Plot A3 Chronological Sequence

Annex 4A
Sentence Structure—By Word Number
Length of Words vs. Gap—by Word Number

Annex 4b
Sentence Structure—The Cartesian Plane
Length of Words vs. Gap—on the Cartesian Plane

Annex 5
Roots Related Terms

The subject of the matrix is the roots of the Shmuel Schick family, or its offspring. Four of the terms that elaborate on the subject are outlined in the table below in their pure form as "The . . . ". For example, "The Roots" with ELS from –9,999 to +9,999, where 298 such terms were found (see in the table, in the brackets under Translation). Note that in the actual Shmuel Schick matrix "the children" term is really part of the longer term "the 10 children" which in turn is part of the larger term "from the head, the 10 rabbi's children are from A to Z", while the term "the grandchildren" is really "and the grandchildren".

The more complex/profound terms are not used for comparison purposes to keep the process simpler, so one will not have to check each potential matrix to see if each term can lead to a more profound/complex term. The intent of the search is to see if anywhere in the Bible a better collection of terms defining the roots, parents, children, grandparents, etc., can be found.

After analyzing the results, it was clear that with liberal skip allowance for all the terms, no other matrix could be found in a more compact version. A few other matrices with the same terms as that with Shmuel at ELS = 42 [in the subject matrix] could be found, but the size of the matrix had to be increased in each case. Otherwise, all other matrices were missing at least one term.
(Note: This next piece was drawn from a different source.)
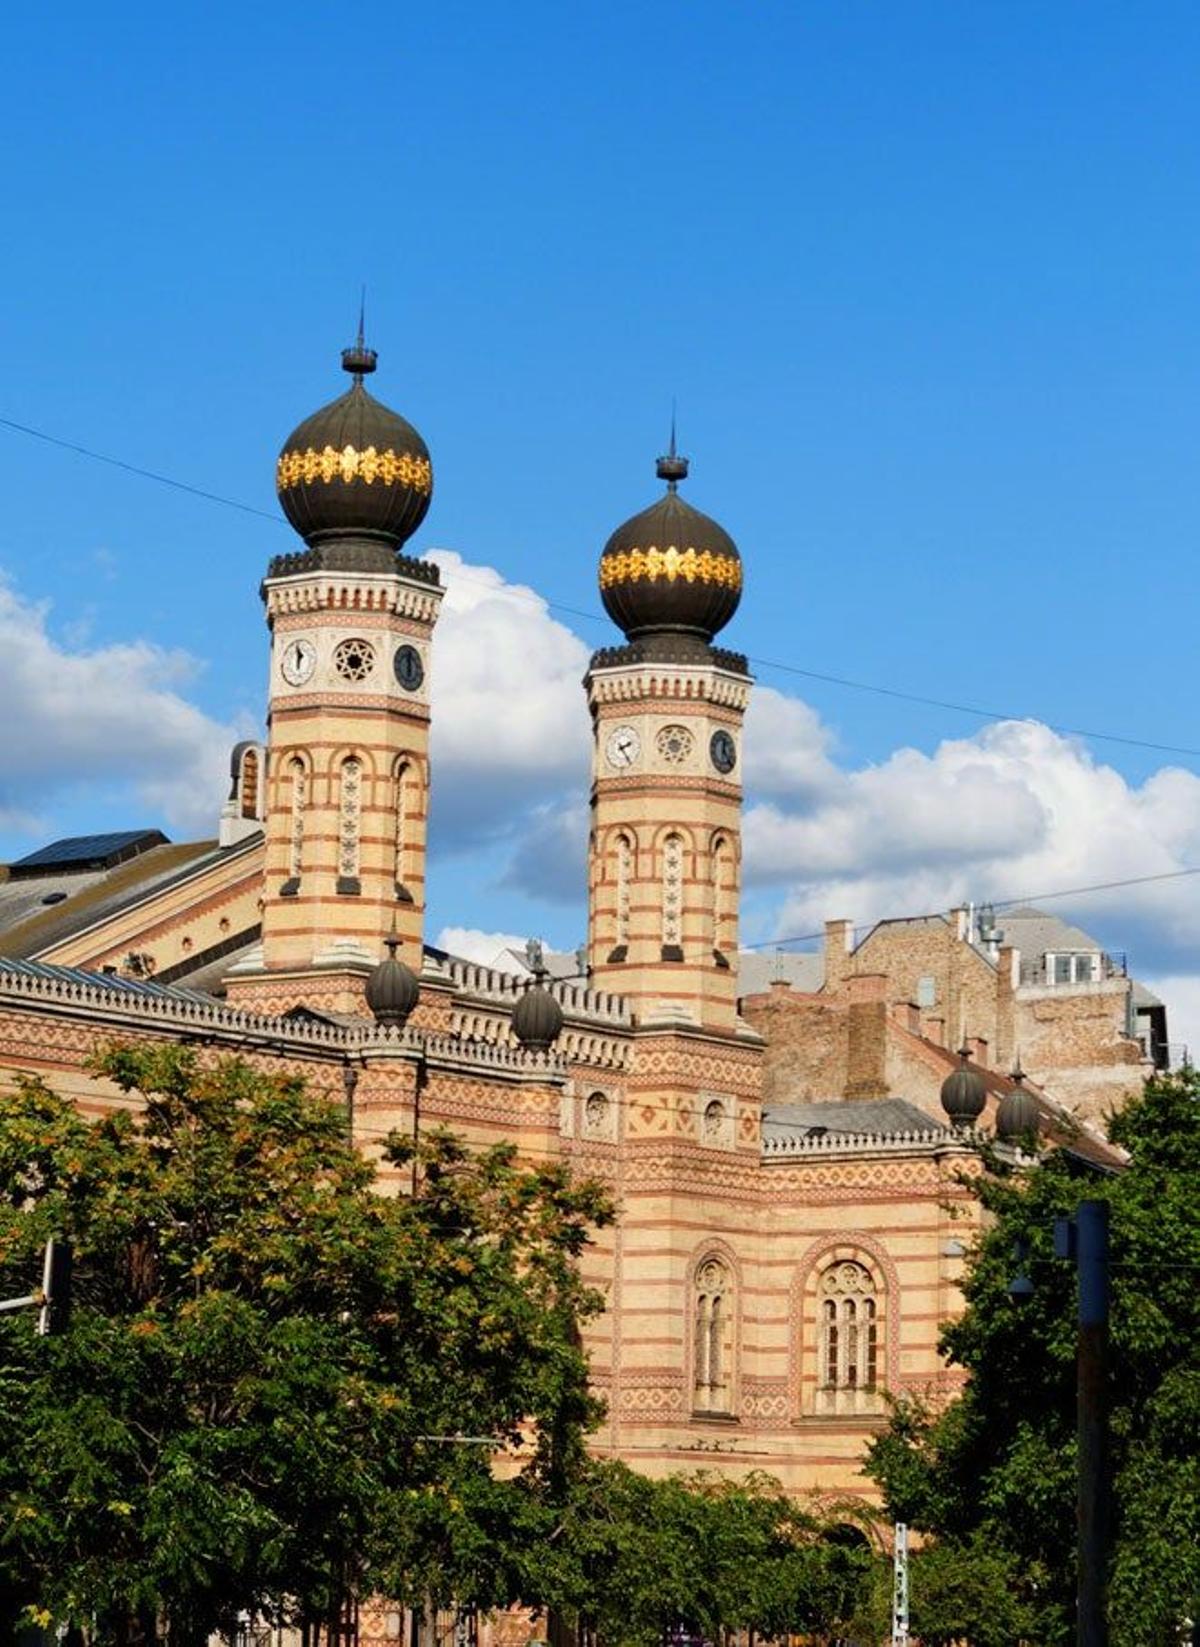 La Gran Sinagoga de Budapest

In an attempt to make the comparison as fair as possible, two VERY significant terms were NOT added to the matrix. The long terms about the 10 rabbi's sons cited above were not entered, as well as the term "the fathers upon the children unto the third and fourth generation". The term "the fathers upon the children"appears seven more times in the Bible with the word "Avot" (fathers) being spelled without a vav. That could have been handled by searching for both versions. When adding the term "the fathers upon the children", it was found that with one exception, at least two terms were now missing.

An interesting note to the search: Why does the Bible spell "Avot al banim" seven times with a vav and one time without? Well, the seven factor always plays an important role. But why does it miss the vav in this section? I am sure that there are several good reasons. I am just wondering if the "missing factor", as a missing letter may be called, is the one missing male from the set of 11 generations.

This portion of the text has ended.